┌──

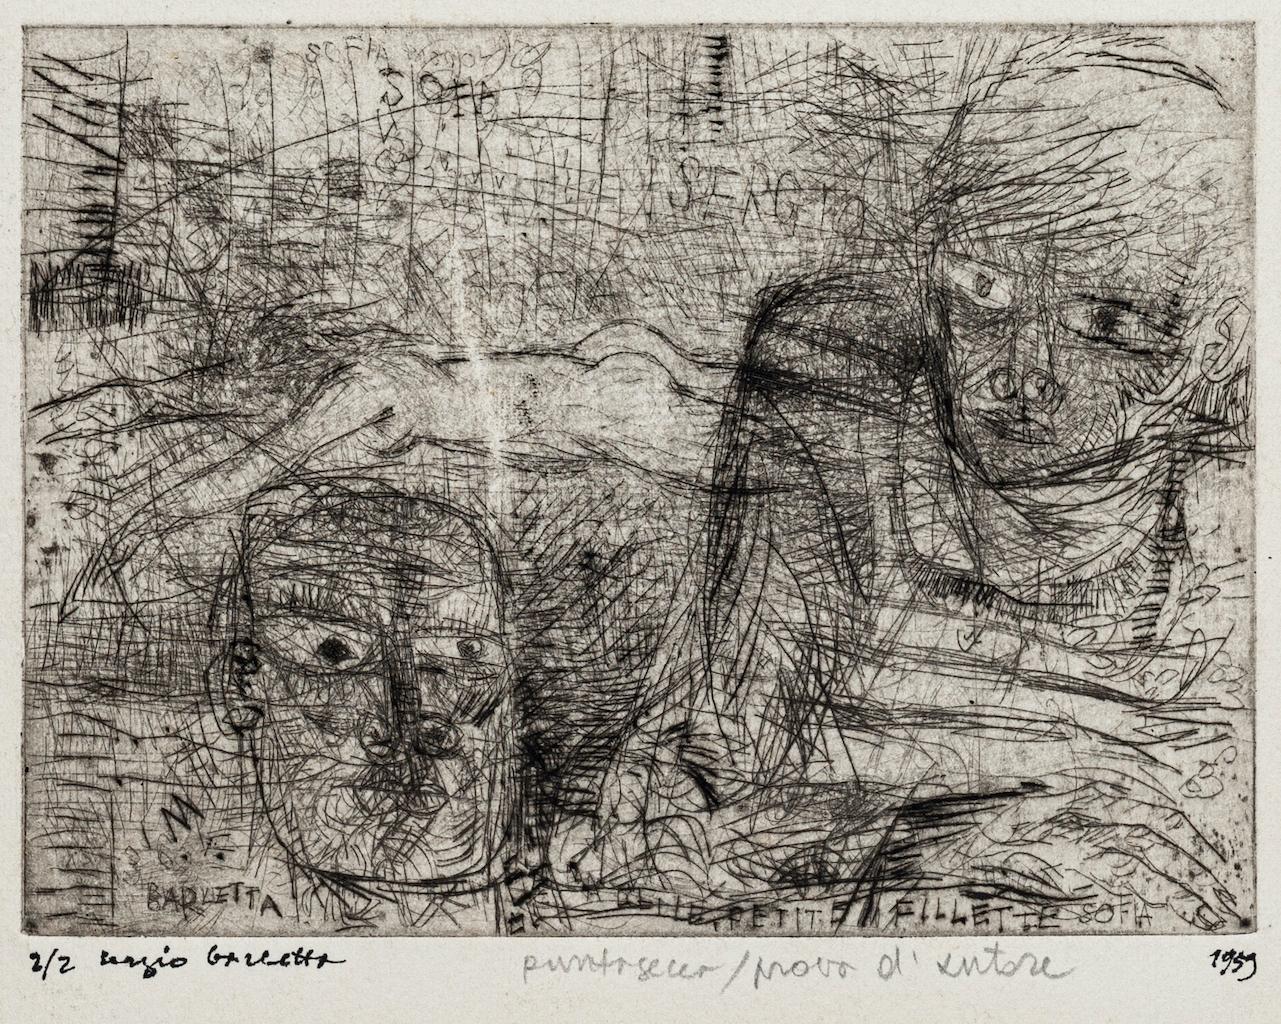 Figures is an original etching, realized by Sergio Barletta in 1959.

Hand-signed.

Numbered 2/2.

In good condition. 

Included a Passepartout: 34 x 49 cm.

Here the artwork represents several figures in different positions depicted with confident
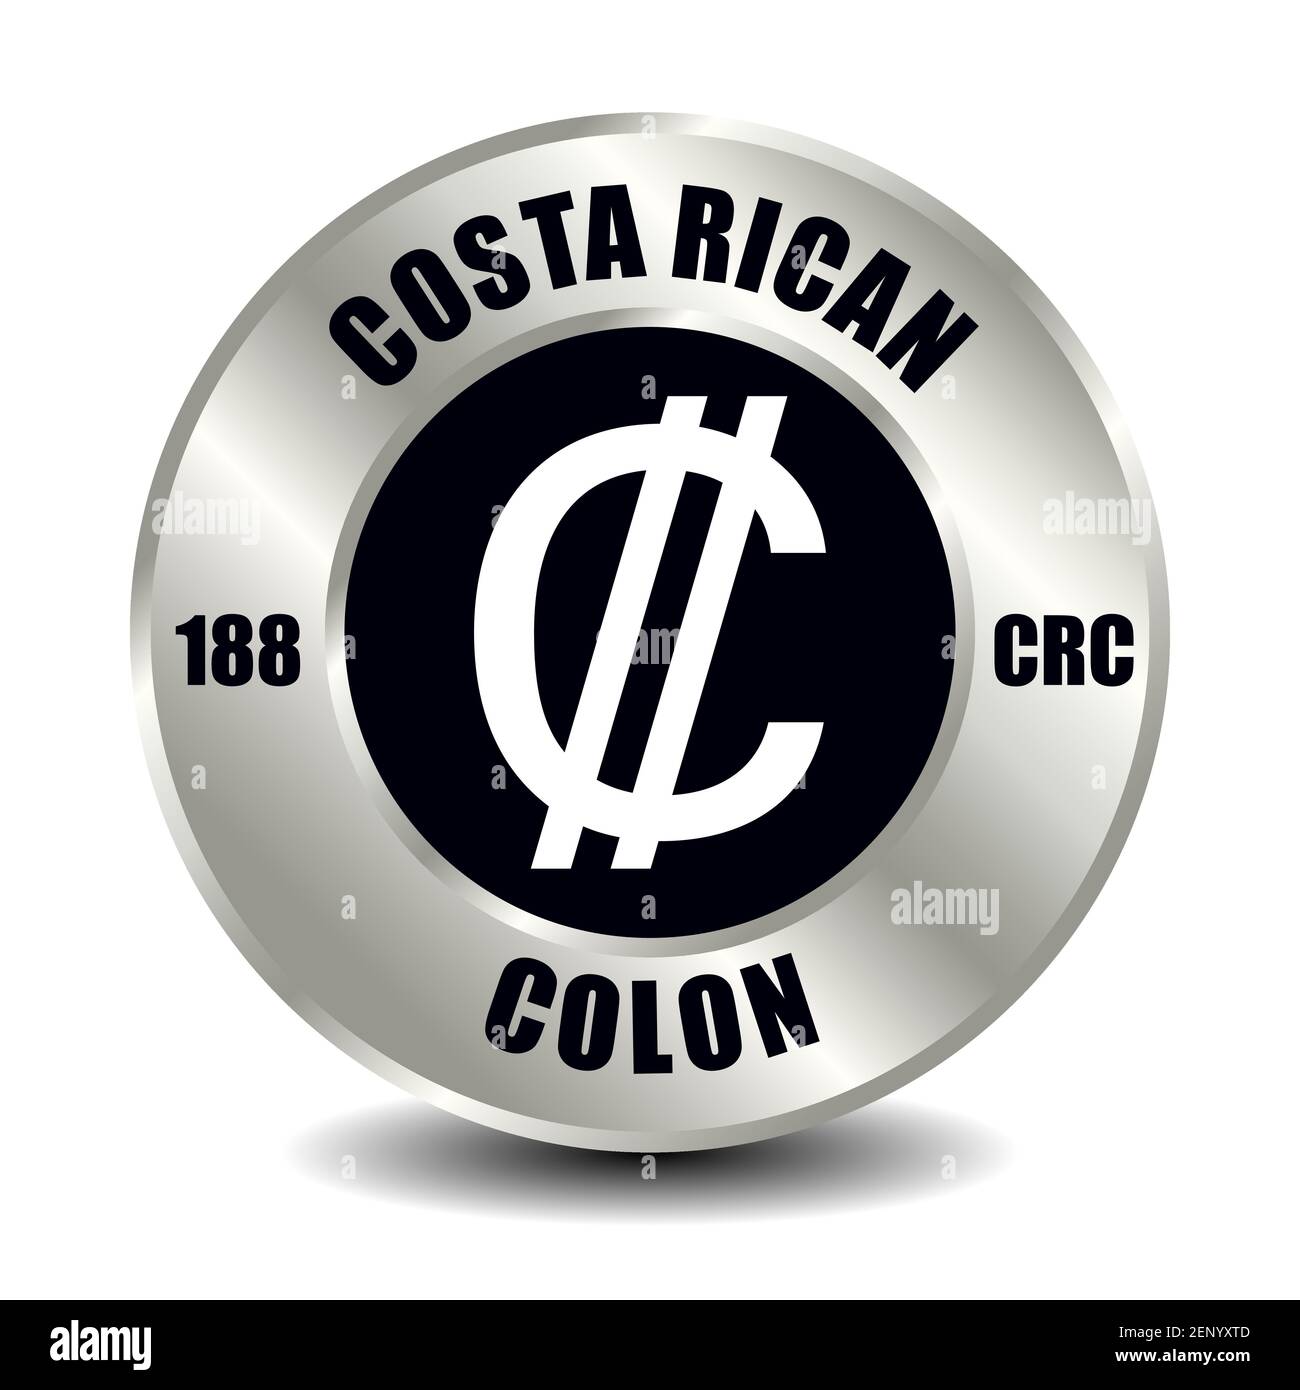 Costa Rica money icon isolated on round silver coin. Vector sign of currency symbol with international ISO code and abbreviation Stock Vector
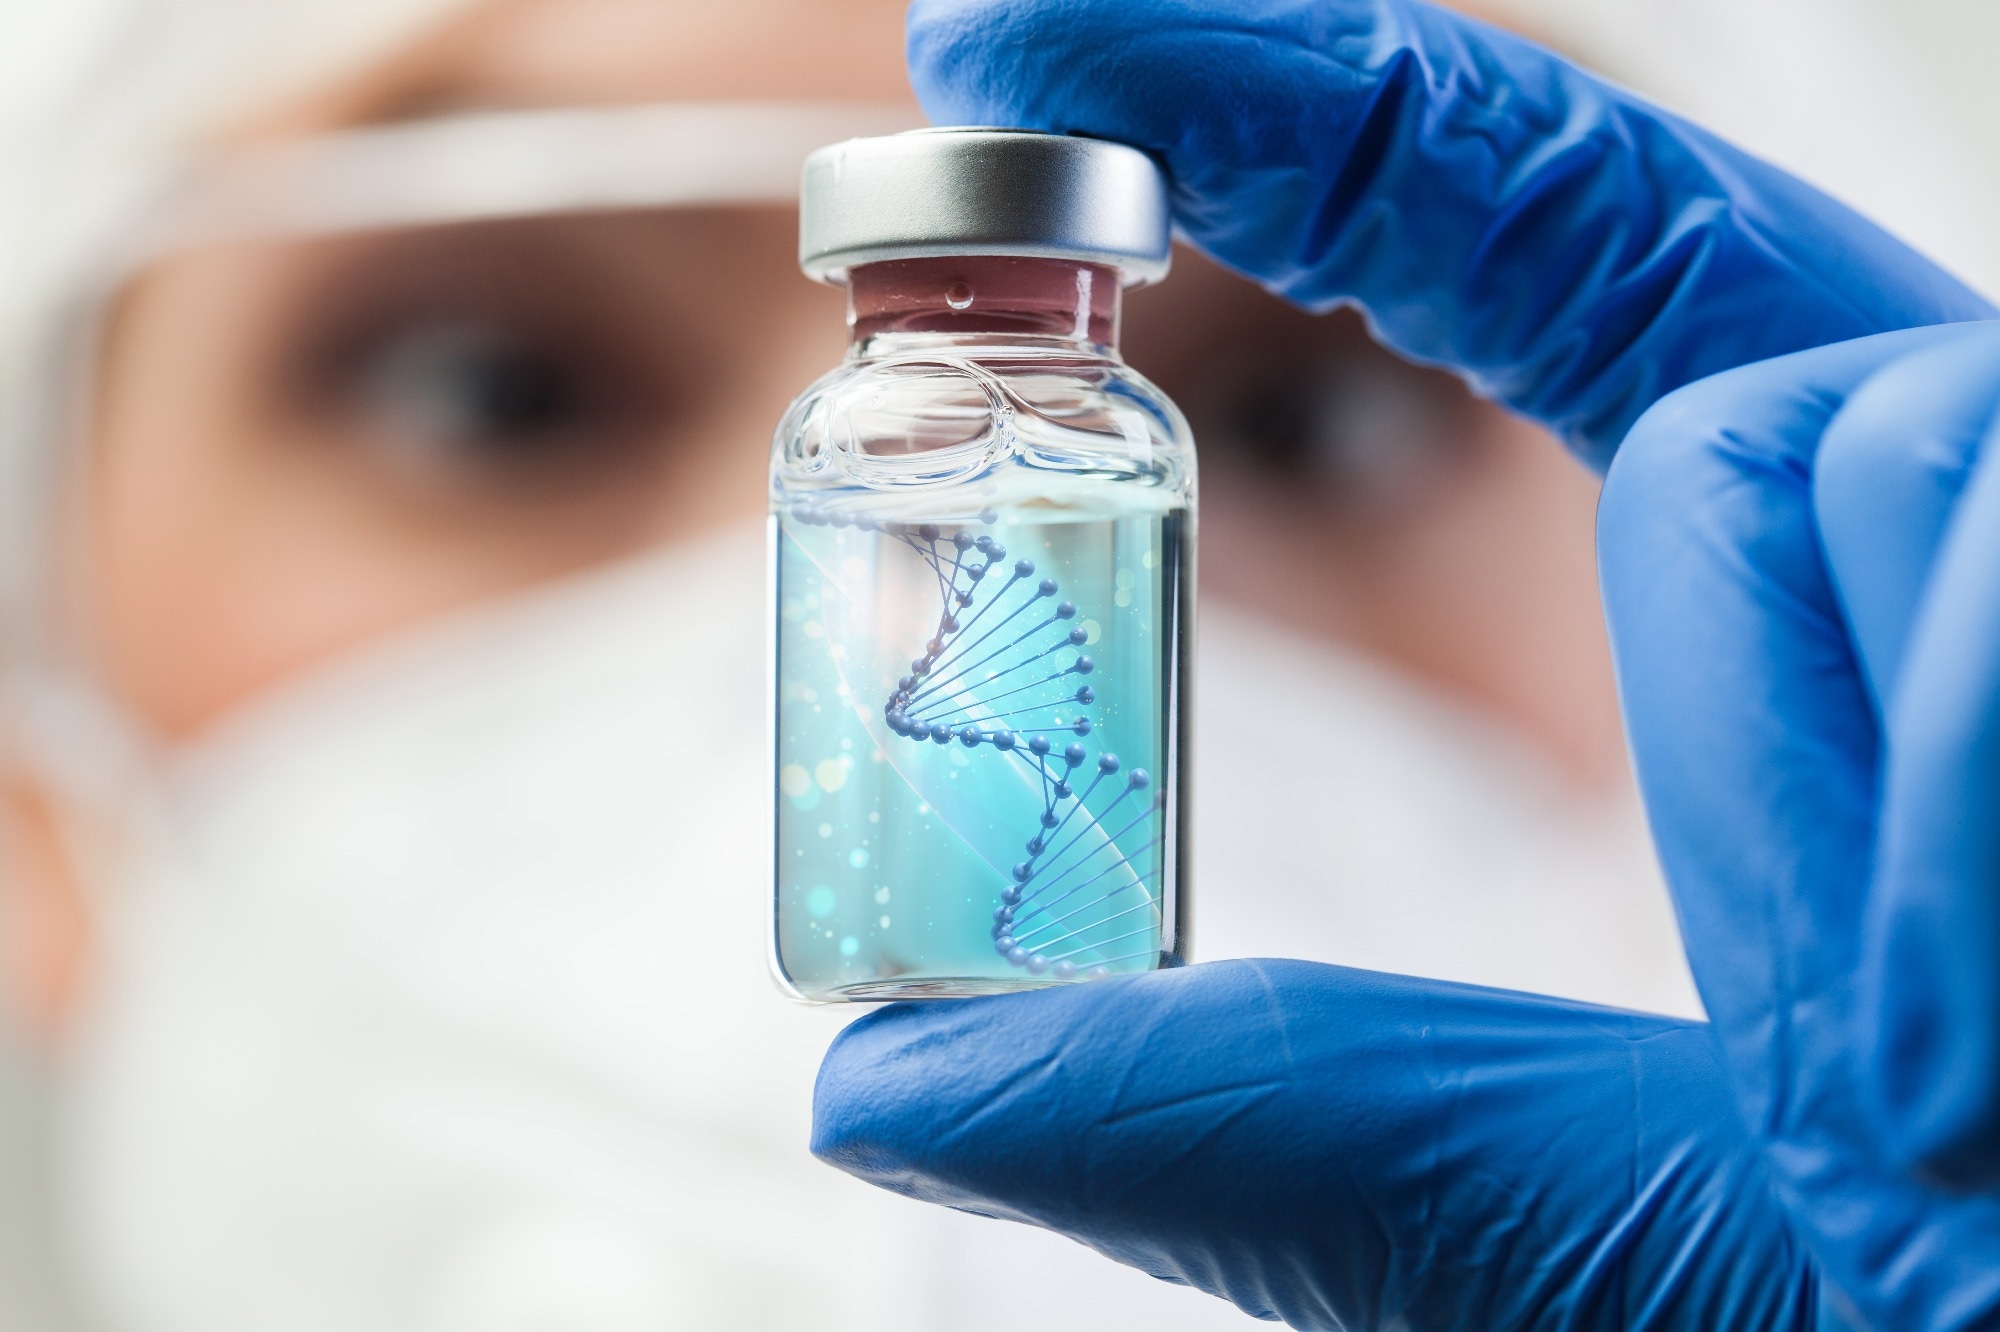 Study: Diagnostic Outcomes of Concurrent DNA and RNA Sequencing in Individuals Undergoing Hereditary Cancer Testing. Image Credit: Cryptographer/Shutterstock.com

└──

Leave the pictures out, and retype exactly the lines from the one containing "Costa Rica money" through the last line of the entries above, both included.

Expected answer >>
 Costa Rica money icon isolated on round silver coin. Vector sign of currency symbol with international ISO code and abbreviation Stock Vector
 Study: Diagnostic Outcomes of Concurrent DNA and RNA Sequencing in Individuals Undergoing Hereditary Cancer Testing. Image Credit: Cryptographer/Shutterstock.com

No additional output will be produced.